Laurent Fabius, in Bamako to discuss the pullout scheduled for the end of April, said France would provide a permanent "support force" of 1,000 French soldiers after elections that the deeply-divided country has promised for July.
"The international community has its eyes fixed on you. Restoring security is essential but restoring democratic dialogue is also essential. It rests on your shoulders," Fabius said.
France sent 4,000 troops to Mali in January to block an advance on Bamako from the north by Islamist fighters.
Paris is preparing to hand over to a UN-mandated African force of 6,300 in the coming weeks, placing a spotlight on Mali's poorly-paid, ill-equipped and badly-organised armed forces.
"I'll tell my partners that we will not go overnight," Fabius told reporters, before announcing the support force.
"France has proposed to the United Nations and the government of Mali a permanent support force of 1,000 French men in Mali, which will be equipped to fight terrorism," said Fabius, before leaving Bamako.
The Malian military fell apart last year in the face of an uprising by ethnic Tuareg rebels who seized the country's vast arid north in the chaos following a March coup before losing control to well-armed Islamists.
The extremists terrorised locals with amputations and executions performed under their brutal interpretation of sharia Islamic law.
The French-led intervention quickly drove out the insurgents but significant pockets of resistance remain in the Ifoghas mountains as well as in the northern cities of Gao and Timbuktu.
The Tuareg National Movement for the Liberation of Azawad (MNLA) has abandoned its drive for independence in favour of helping France push out the Islamists but has refused to accept the possibility of any Malian troop presence in Kidal after returning to the northeastern desert city.
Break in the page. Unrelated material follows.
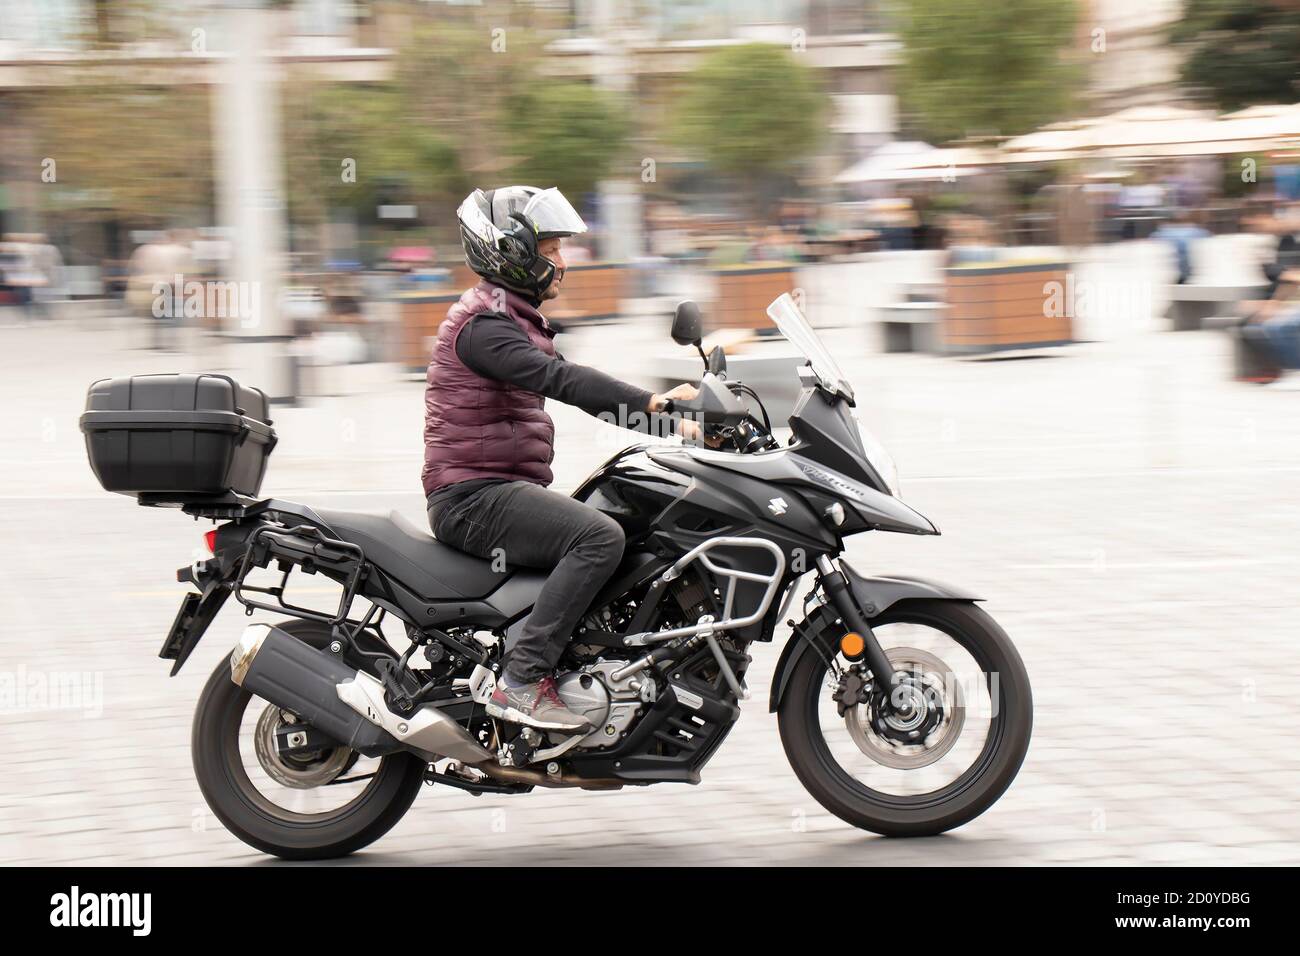 Belgrado, Serbia - 02 de octubre de 2020: Hombre montando una moto rápida con la caja trasera en calle vacía por plaza de la ciudad, barrido de tiro Foto de stock

Fabius said the MNLA, which was accused by rights campaigners on Friday of committing atrocities against black Malians in Kidal, would have to accept renouncing its weapons as part of any peace process.
"When the time comes every group, the MNLA as much as any other armed group, will have to accept being confined and giving up its arms," Fabius told a press conference in the Malian capital Bamako.
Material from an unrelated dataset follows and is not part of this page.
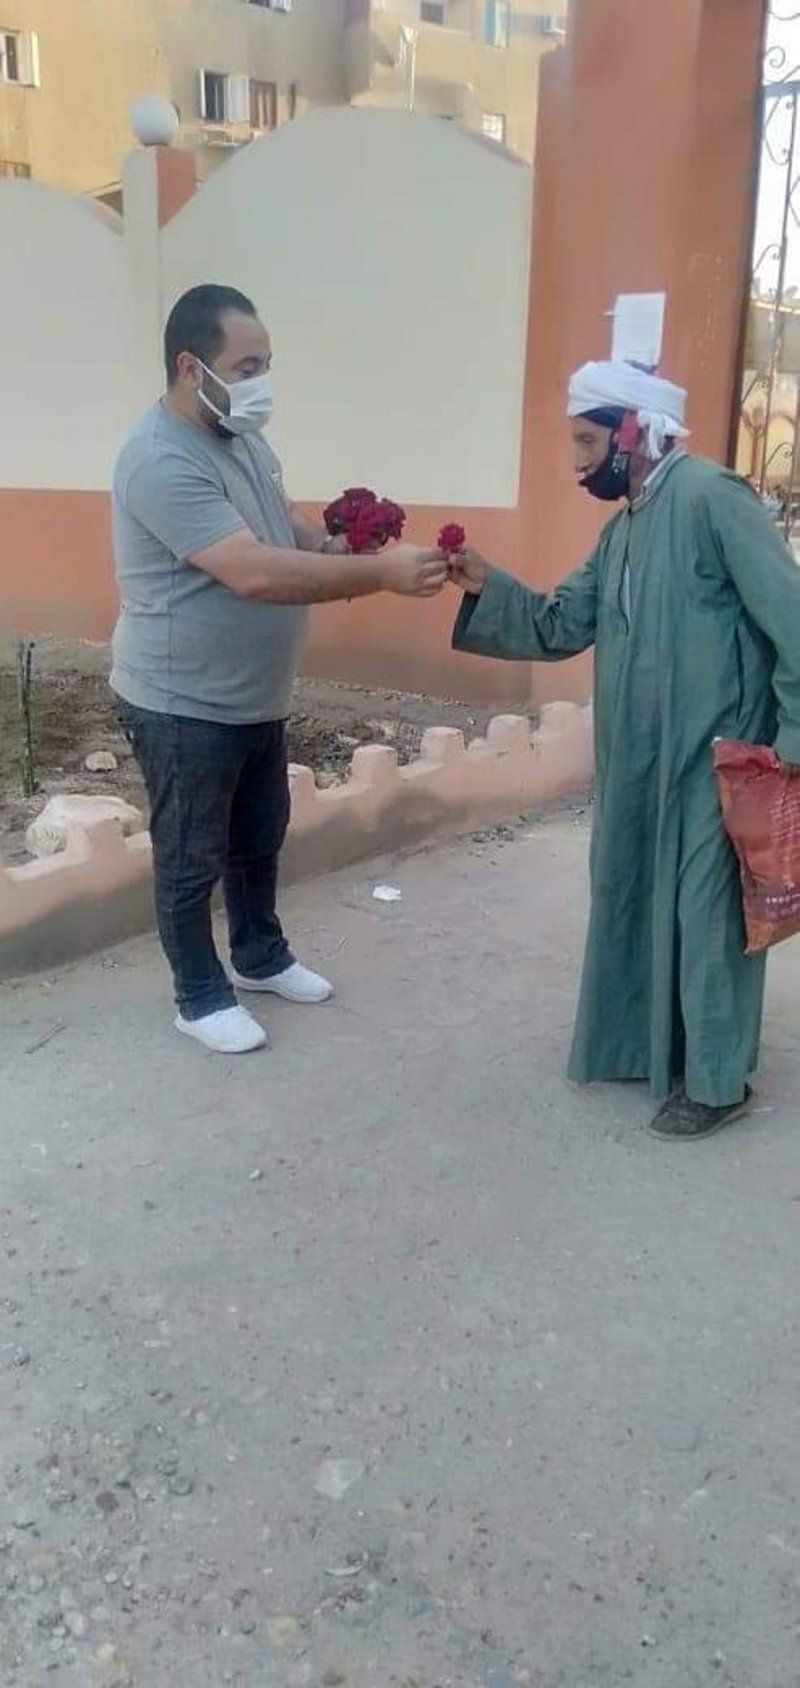 شاهد من مصر.. مسيحي يقف أمام المسجد ليوزع الورود على المصلين

France has announced the beginning of its troop withdrawal from Mali late April, with its deployment halving by late July and a UN peacekeeping force of more than 11,000 troops expected to deploy around the same time.
Fabius said the other objective of his visit was to encourage Mali's politicians to begin the process of reconciliation by holding elections in a country which remains riven by ethnic tension.
Mali has been in crisis since March last year when president Amadou Toumani Toure was overthrown by the military, who two weeks later handed over power to a transitional administration.
"We hope conditions will soon be in place to allow us to organise and complete these elections by July 31. It's a gamble but it is a strong commitment of the Malian government," Premier Diango Cissoko told reporters.
Fabius said the "policy decisions had already been taken" for a July poll which would begin the process of reconciliation.
"Technically and politically it is feasible" to have "a legally elected president in July", he added.
Analysts have voiced doubts over the possibility of a vote within such a tight timeframe because of the continued instability in the north and the problem of getting 400,000 people displaced by the conflict to the ballot box.
There are an estimated 175,076 Malian refugees in Algeria, Burkina Faso, Mauritania and Niger, including 37,530 people who have fled since January, according to United Nations figures.
But Moussa Sinko Coulibaly, the minister for territorial administration, said on Thursday Mali had asked neighbouring countries to ensure they would provide polling booths for Malian refugees.
"This election will not be absolutely perfect," a French diplomatic source conceded, adding that Paris and the international community were nevertheless relying on the ripple effect elections could have to advance reconciliation.